Frau Ministerin, ich darf Sie kurz unterbrechen! Sie können gleich fortsetzen. Herr Hillmer möchte Ihnen eine Zwischenfrage stellen. Lassen Sie diese zu?

Ich möchte gern bis zum Ende ausführen, Herr Präsident.

(Zurufe von der CDU und von der FDP)

Ich habe Ihnen, meine sehr verehrten Damen und Herren, deutlich gemacht, was wir mit diesem Gesetz regeln. Ich denke, es ist wichtig, dass wir über diesen Tagesordnungspunkt sachlich diskutieren.

Selbstverständlich hat, meine sehr verehrten Damen und Herren, diese Landesregierung auch die Schulen in freier Trägerschaft im Blick.
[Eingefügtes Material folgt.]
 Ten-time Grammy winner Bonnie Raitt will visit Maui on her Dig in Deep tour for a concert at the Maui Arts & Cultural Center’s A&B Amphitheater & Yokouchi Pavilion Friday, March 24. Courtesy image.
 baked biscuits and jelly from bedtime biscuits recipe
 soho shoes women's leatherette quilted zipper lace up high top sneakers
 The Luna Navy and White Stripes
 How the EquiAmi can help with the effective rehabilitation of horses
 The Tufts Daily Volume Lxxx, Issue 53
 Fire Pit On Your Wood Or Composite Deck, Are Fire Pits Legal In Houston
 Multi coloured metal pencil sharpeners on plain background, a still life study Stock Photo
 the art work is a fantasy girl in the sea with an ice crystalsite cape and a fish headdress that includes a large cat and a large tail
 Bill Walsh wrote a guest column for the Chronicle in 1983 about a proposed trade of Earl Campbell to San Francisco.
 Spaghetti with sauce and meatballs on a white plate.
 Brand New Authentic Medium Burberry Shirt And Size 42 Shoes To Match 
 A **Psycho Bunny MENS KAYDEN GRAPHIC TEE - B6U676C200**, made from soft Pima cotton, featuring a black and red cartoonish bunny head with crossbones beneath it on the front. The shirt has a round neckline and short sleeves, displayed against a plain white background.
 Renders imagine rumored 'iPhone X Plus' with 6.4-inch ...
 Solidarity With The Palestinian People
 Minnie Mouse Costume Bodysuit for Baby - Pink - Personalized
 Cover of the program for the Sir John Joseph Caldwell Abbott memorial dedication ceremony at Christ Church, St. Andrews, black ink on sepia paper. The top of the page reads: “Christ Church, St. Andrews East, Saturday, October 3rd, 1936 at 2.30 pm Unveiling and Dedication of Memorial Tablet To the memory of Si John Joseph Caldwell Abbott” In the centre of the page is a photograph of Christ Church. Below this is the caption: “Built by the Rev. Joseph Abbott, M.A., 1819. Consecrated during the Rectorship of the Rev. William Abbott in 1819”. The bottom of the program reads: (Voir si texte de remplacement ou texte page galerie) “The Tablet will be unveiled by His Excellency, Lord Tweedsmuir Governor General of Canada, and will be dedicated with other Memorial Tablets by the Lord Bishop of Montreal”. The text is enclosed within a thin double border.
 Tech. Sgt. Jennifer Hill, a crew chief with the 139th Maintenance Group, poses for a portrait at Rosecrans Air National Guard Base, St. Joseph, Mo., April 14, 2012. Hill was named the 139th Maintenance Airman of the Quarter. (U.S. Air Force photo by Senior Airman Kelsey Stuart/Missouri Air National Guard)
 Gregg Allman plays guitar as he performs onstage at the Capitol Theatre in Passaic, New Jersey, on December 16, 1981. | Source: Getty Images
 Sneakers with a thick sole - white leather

Selbstverständlich unterstützt diese Landesregierung auch die Schulen in freier Trägerschaft auf dem wichtigen Weg zur inklusiven Schule. Aber - das wissen auch Sie - diese Schulen, oftmals auch in kirchlicher Trägerschaft, unterliegen eben bekanntermaßen ausdrücklich nicht dem Verfassungsgrundsatz der Konnexität. Das Verhältnis von Kirche und Staat in der Bundesrepublik Deutschland beruht eben auf dem verfassungsrechtlichen Grundsatz der strikten rechtlichen und organisatorischen Trennung. Dieses einzigartige Prinzip halten im Übrigen auch die Kirchen aufrecht und haben es zu Recht wieder herausgestellt.

So ist es auch folgerichtig, dass wir erst nach Abschluss dieses Gesetzesvorhabens hier im Landtag in die weiteren Verhandlungen sowohl mit den Kirchen wie auch mit den Schulen in freier Trägerschaft bzw. mit den Vertreterinnen und Vertretern

der Schulen in freier Trägerschaft eintreten. Das machen wir genauso, wie es auch in dem Gesetz in Nordrhein-Westfalen geregelt ist. Dort ist auch erst das Gesetz verabschiedet worden und dann hat man entsprechende Gespräche mit den Schulen in freier Trägerschaft geführt. Ich denke, das ist der richtige Weg, meine sehr verehrten Damen und Herren.